24 de Octubre de 2011 a las 9:25

Bubok

Las dos mujeres buenas del Albaicín

       VI- capítulo del relato “La Cueva de los Diamantes”. 

Corría el chorrillo de agua saltando por la torrentera y en la corriente se reflejaba las luces de la puesta del sol que contemplaban. Y ella escuchaba muy atenta, sin entender por completo y por eso le dijo:

- En otro momento me hablas más de esto porque ahora mismo me gustaría conocer esa historia que antes me has dicho.

- Sí, te la voy a contar pero en cuanto se termine de poner el sol.

Y se puso el sol. Lentamente iba cayendo hasta que la oscuridad fue total. En el firmamento comenzaron a brillar las estrellas, el airecillo se movía un poco más y era más fresco y por entre el bosque y los verdes tallos de la grama, empezó a oírse el canto de los grillos. También el maullido de los mochuelos y el ulular de los cárabos, todo acompañado por el suave rumor del chorrillo del venero que junto a ellos brotaba. En el mismo centro de la grama, los dos se acostaron, poniendo sus cabezas sobre una improvisada almohada de pasto y quedando sus caras y ojos frente por completo a las brillantes estrellas que titilaban en el firmamento. Y durante un buen raro, permanecieron quietos, contemplando mudamente la luz de las estrellas y envueltos por los bellísimos sonidos de la naturaleza.

            Trascurrido unos minutos desde la puesta del sol, ella preguntó:

- ¿Qué habrá en la luz de las estrellas, en el airecillo que acaricia, en la música de este riachuelo y en los sonidos de la naturaleza para que guste tanto y de ningún modo lo comprendamos?

- Puede que lo que en muchas ocasiones yo he pensado.

- ¿Y qué es lo que has pensado?

- Que todas aquellas cosas buenas y bellas que buscamos las personas en nuestra vida y paso por esta tierra, al morir, quedan perpetuadas en el brillo de las estrellas y en las caricias el vientecillo en noches como ésta. Por eso nos gustan tanto estas cosas y hasta se emociona el corazón y el alma se pone triste y siente melancolía.

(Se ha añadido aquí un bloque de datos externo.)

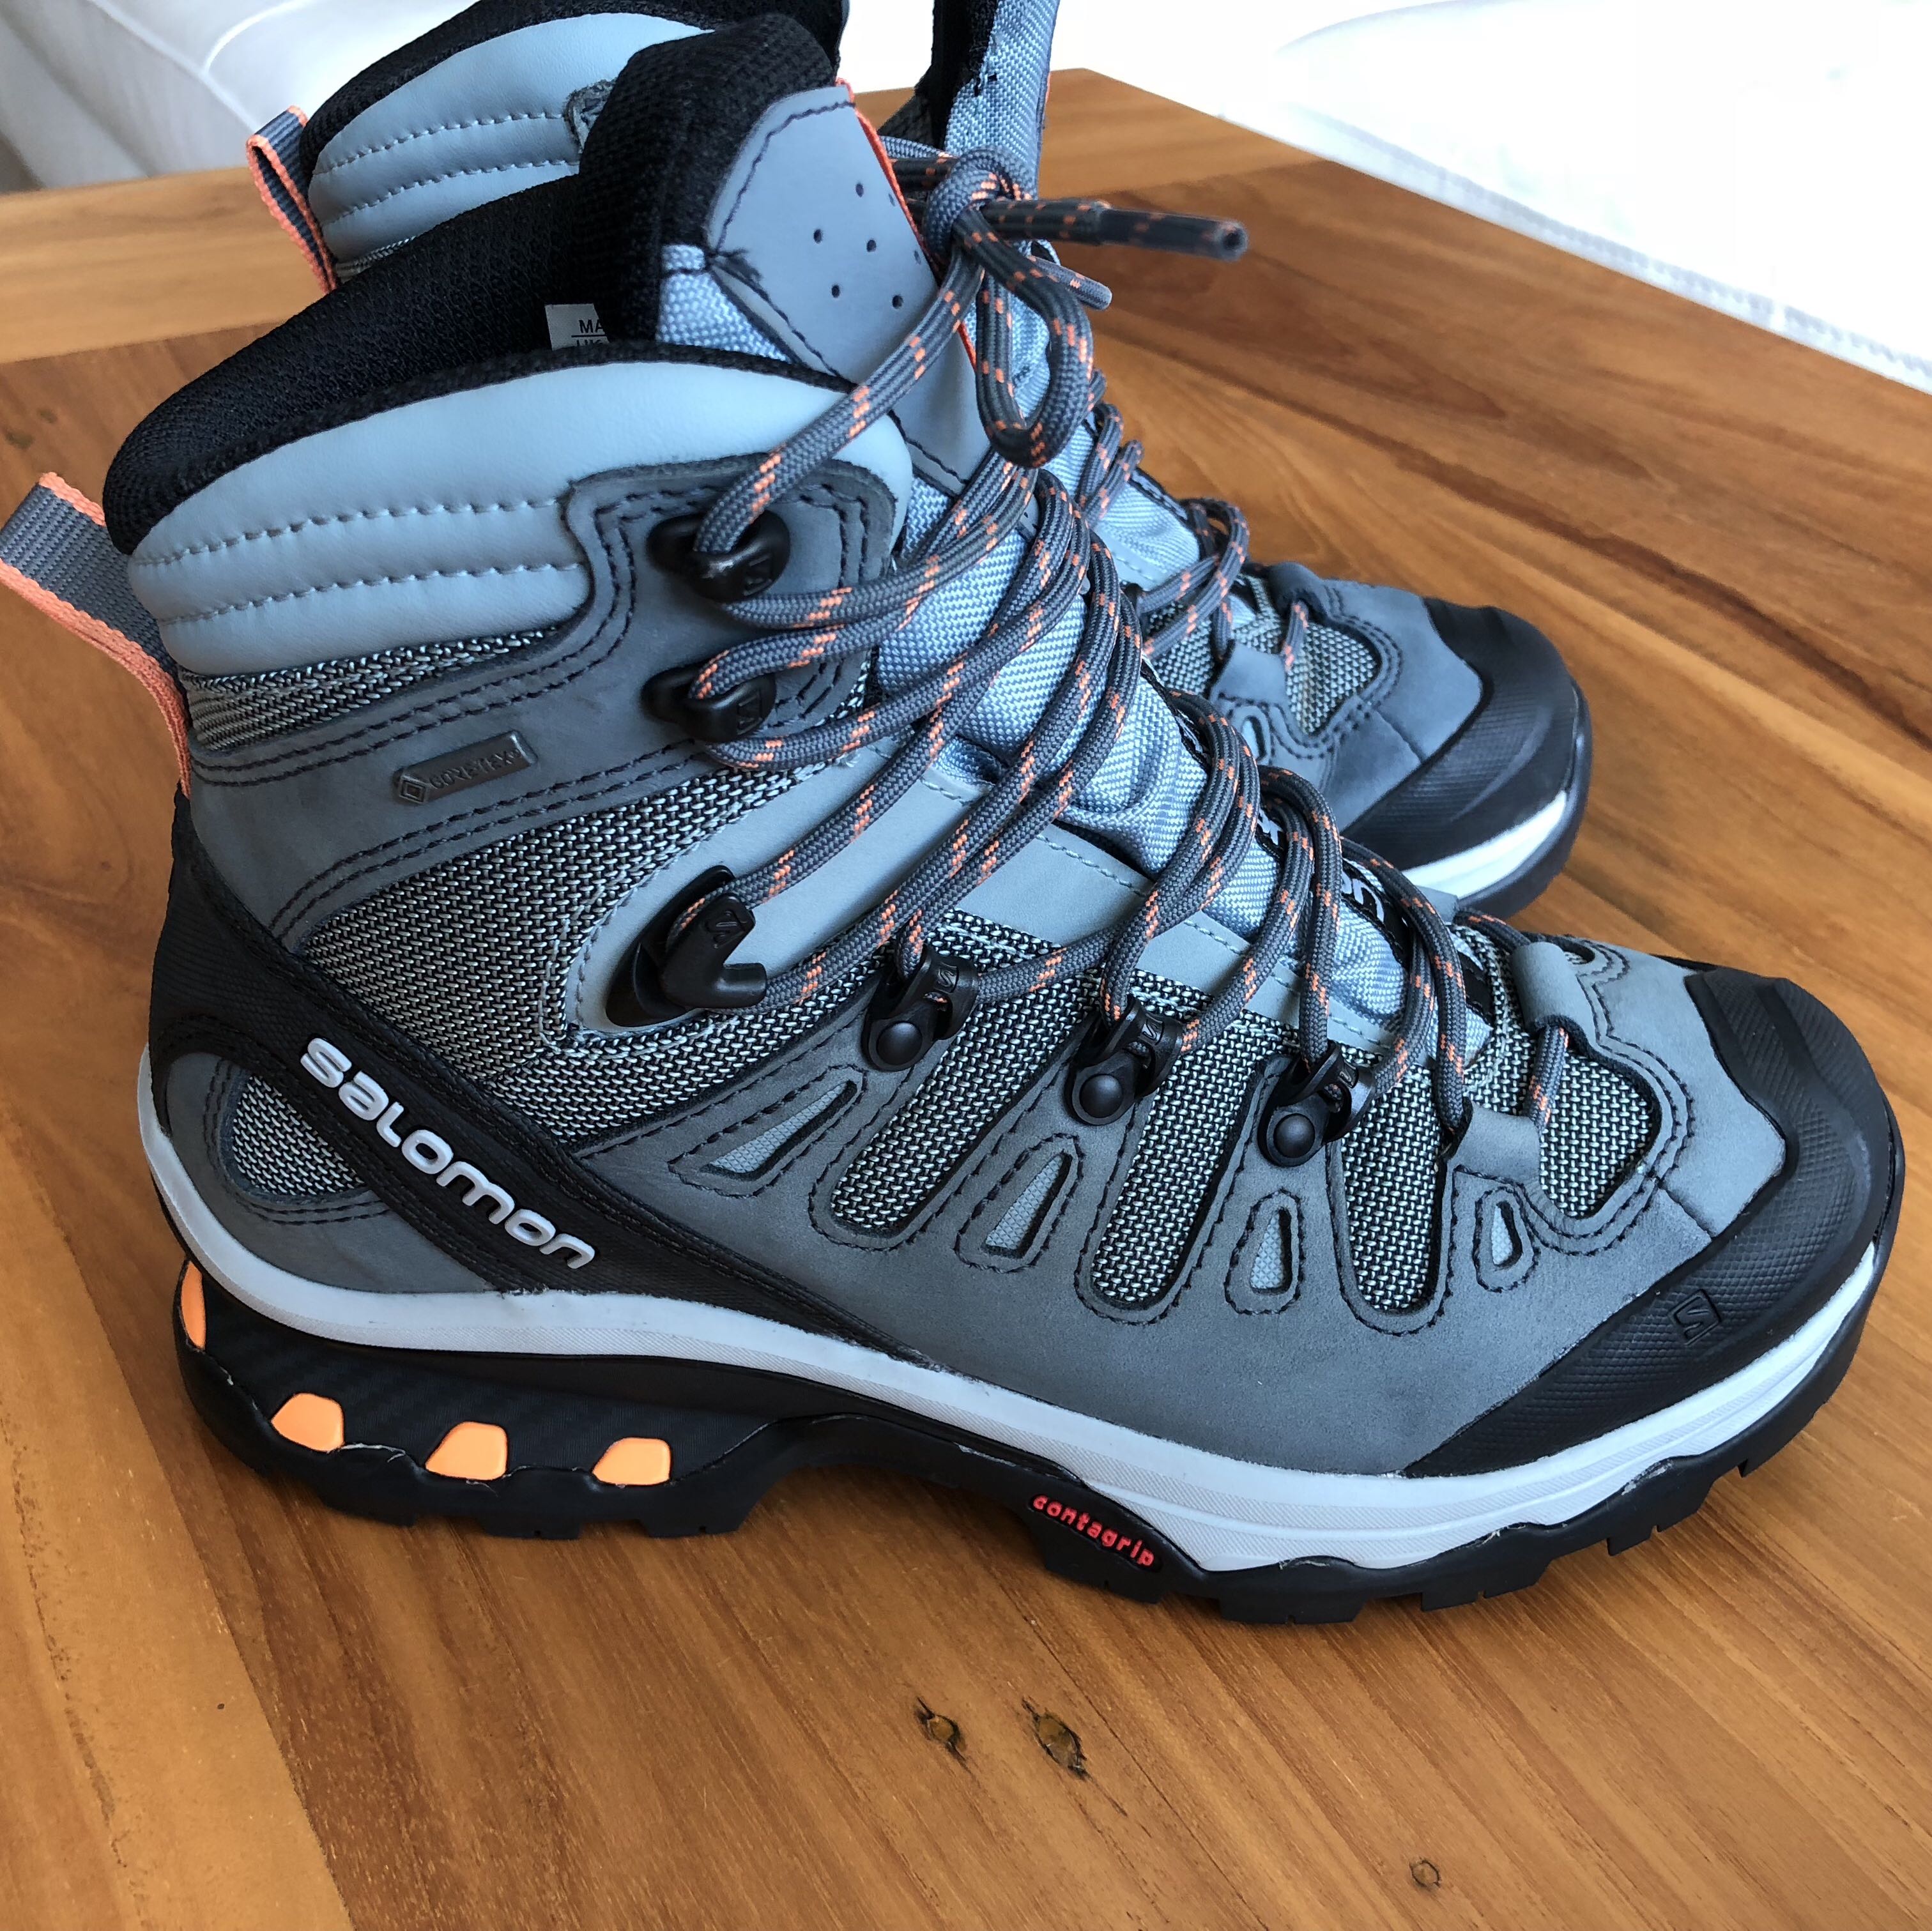 Salomon Quest 4D 3 GTX Hiking/Backpacking Boots - Women's, Sports ...

- También esto sigue siendo incomprensible para mí.

- Te lo explico un poco más contándote la historia que te he prometido.

- Sí, hazlo por favor.

            Y él, después de unos segundos en silencio, tal como estaba acostado cerca de ella y sin dejar de mirar al firmamento estrellado, dijo:

- Ellos tenían sus viviendas en las tierras de la ladera, carca del arroyo, por entre las encinas y al lado de debajo de unos grandes rocas. Eran solo cuatro o cinco familias que vivían en sus humildes casas de piedra, arena y cal, construidas por ellos mismos. Y se alimentaban de los productos que sacaban de las tierrecillas que junto al arroyo cultivaban. Porque de estas tierrecillas todos los años recogían muy buenos tomates, berenjenas, pepinos, pimientos, calabazas, habichuelas… Y de los árboles que al borde del terreno crecían, también recogían abundante fruta. Uvas que convertían en vino, higos que secaban, nueces, almendras, granadas, membrillos, peras…

            Y en las tierras que había un poco más retirado de la corriente del arroyo, ellos sembraban trigo, maíz, garbanzos y centeno. Y al borde de estas tierras crecían olivos que también daban buenas cosechas de aceitunas, higueras, nogales, granados y membrillos. Por las noches, después de encerrar a sus animales, ovejas, cabras y vacas, se sentaban al calor de la lumbre y, mientras se daban compañía y charlaban, esfarfollaban las mazorcas de maíz. También tejían esparto, con el que confeccionaban esteras, cestas, esparteñas y aparejos para sus burros. Y de este modo y con estas cuatro cosas fundamentales, ellos vivían y eran felices, respetándose, ayudándose y compartiendo todo lo que tenían. Apenas necesitaban nada más y por eso a la ciudad, a Granada, casi nunca venían. La conocían solo de oídas y lo mismo le sucedía con la Alhambra y el barrio del Albaicín.

            Pero un día, los soldados que por aquellos tiempos luchaban por estas regiones, se establecieron por allí cerca. Con todos sus armamentos, mulos y carros y esto a ellos les asustó mucho. Entre sí comentaban:

- Nos quitarán nuestras tierras, animales, cosechas y destruirán estas casas nuestras.

Y dos de las mujeres, entre ellos decían que las personas más buenas del mundo, dijeron:

- Quiera Dios que esto no suceda. Y si ocurre, vosotros no preocuparos. Lo importante es que nos mantengamos unidos como hasta ahora y que nos apoyemos como lo hemos hecho siempre.

Y una de las jóvenes, muy asustada, también comentó:

- Pero estos soldados dan mucho miedo y más cuando se ponen a luchar y a matarse entre sí. ¿Para qué harán las guerras si en ellas solo hay muertes, destrucción y penas?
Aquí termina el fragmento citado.